TASK TO COMPLETE —
Once the line containing "Facade of an" is found in the entries below, restate it and each following line word for word, stopping after the line containing "adding dawn dish soap to deck cleaner".
PROVIDED RECORDS section start
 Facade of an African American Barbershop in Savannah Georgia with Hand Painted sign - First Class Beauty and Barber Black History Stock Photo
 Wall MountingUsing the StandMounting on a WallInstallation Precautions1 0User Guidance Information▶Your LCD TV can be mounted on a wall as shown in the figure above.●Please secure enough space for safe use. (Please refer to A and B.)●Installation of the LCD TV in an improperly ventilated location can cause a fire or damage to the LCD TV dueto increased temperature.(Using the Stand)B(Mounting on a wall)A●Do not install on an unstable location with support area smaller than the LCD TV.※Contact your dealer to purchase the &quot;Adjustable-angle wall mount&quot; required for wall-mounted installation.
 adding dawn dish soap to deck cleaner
PROVIDED RECORDS section end
PROVIDED RECORDS section start
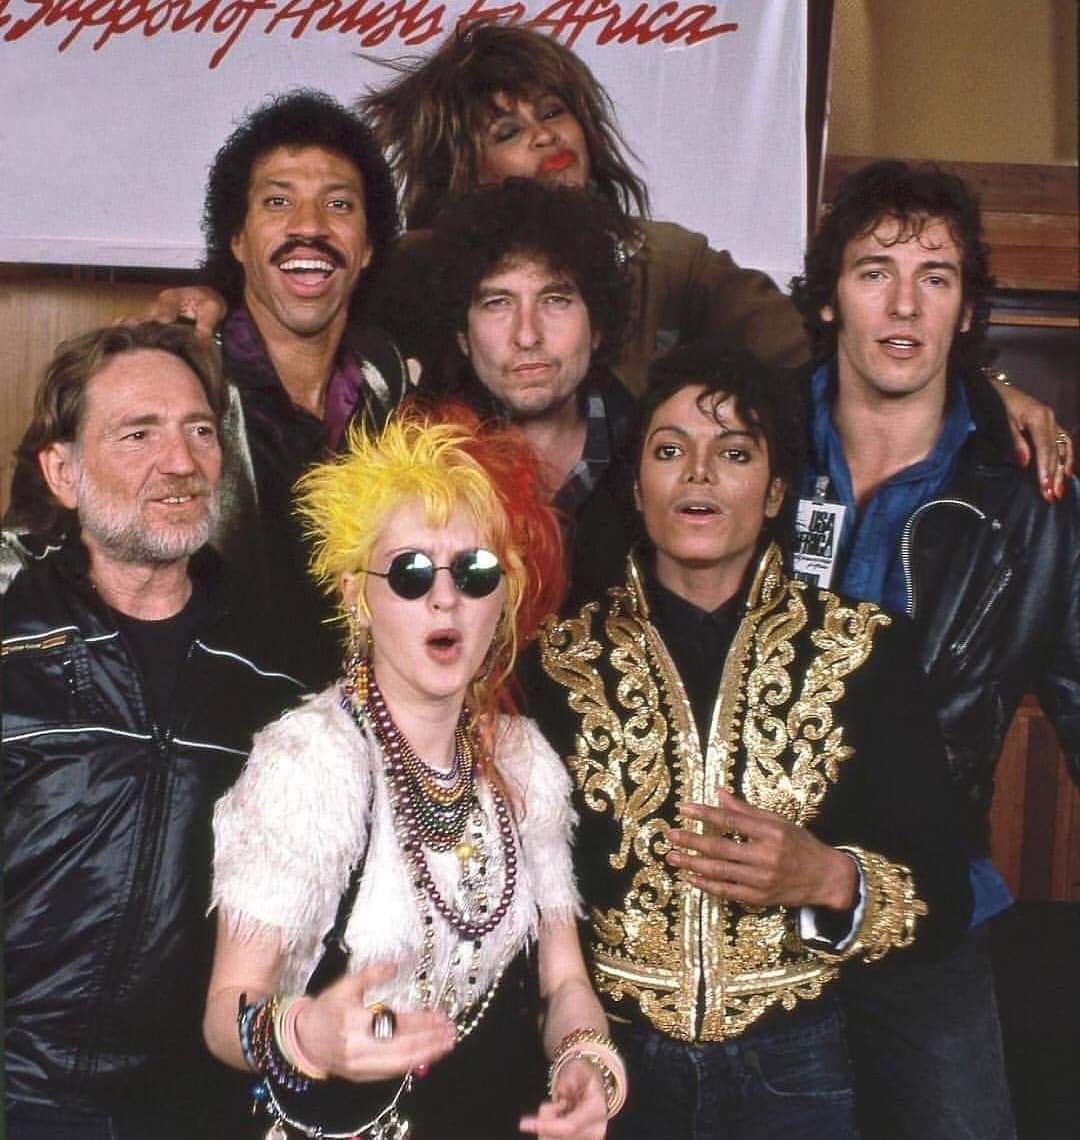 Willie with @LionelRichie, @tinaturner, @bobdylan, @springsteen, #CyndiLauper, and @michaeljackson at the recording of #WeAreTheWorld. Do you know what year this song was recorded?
PROVIDED RECORDS section end
PROVIDED RECORDS section start
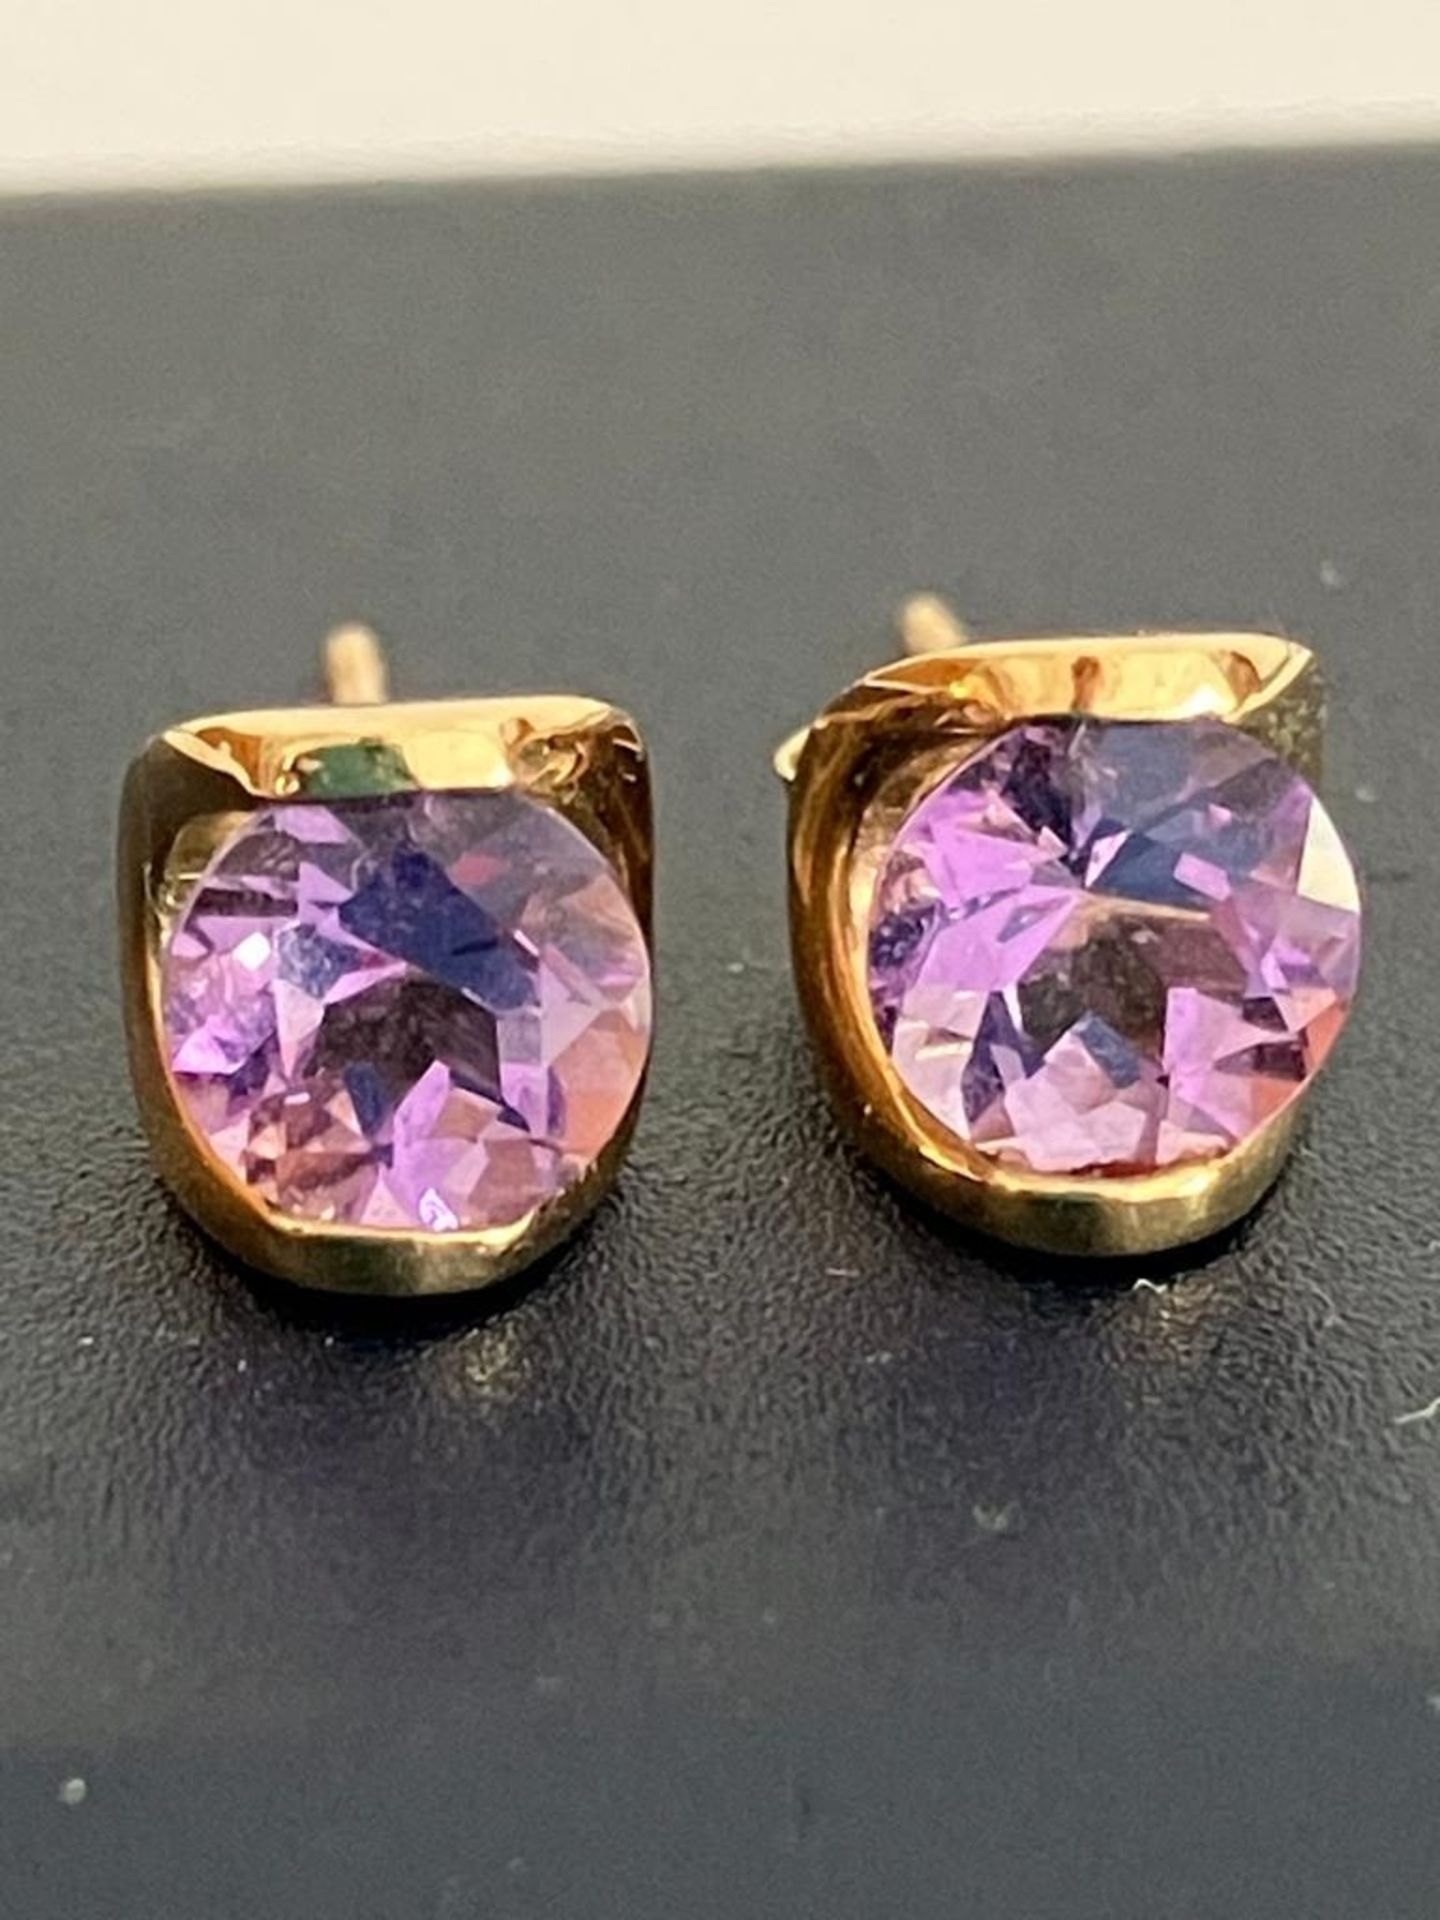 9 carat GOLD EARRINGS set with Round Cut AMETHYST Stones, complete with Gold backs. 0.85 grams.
PROVIDED RECORDS section end
WRITTEN ANSWER —
 Facade of an African American Barbershop in Savannah Georgia with Hand Painted sign - First Class Beauty and Barber Black History Stock Photo
 Wall MountingUsing the StandMounting on a WallInstallation Precautions1 0User Guidance Information▶Your LCD TV can be mounted on a wall as shown in the figure above.●Please secure enough space for safe use. (Please refer to A and B.)●Installation of the LCD TV in an improperly ventilated location can cause a fire or damage to the LCD TV dueto increased temperature.(Using the Stand)B(Mounting on a wall)A●Do not install on an unstable location with support area smaller than the LCD TV.※Contact your dealer to purchase the &quot;Adjustable-angle wall mount&quot; required for wall-mounted installation.
 adding dawn dish soap to deck cleaner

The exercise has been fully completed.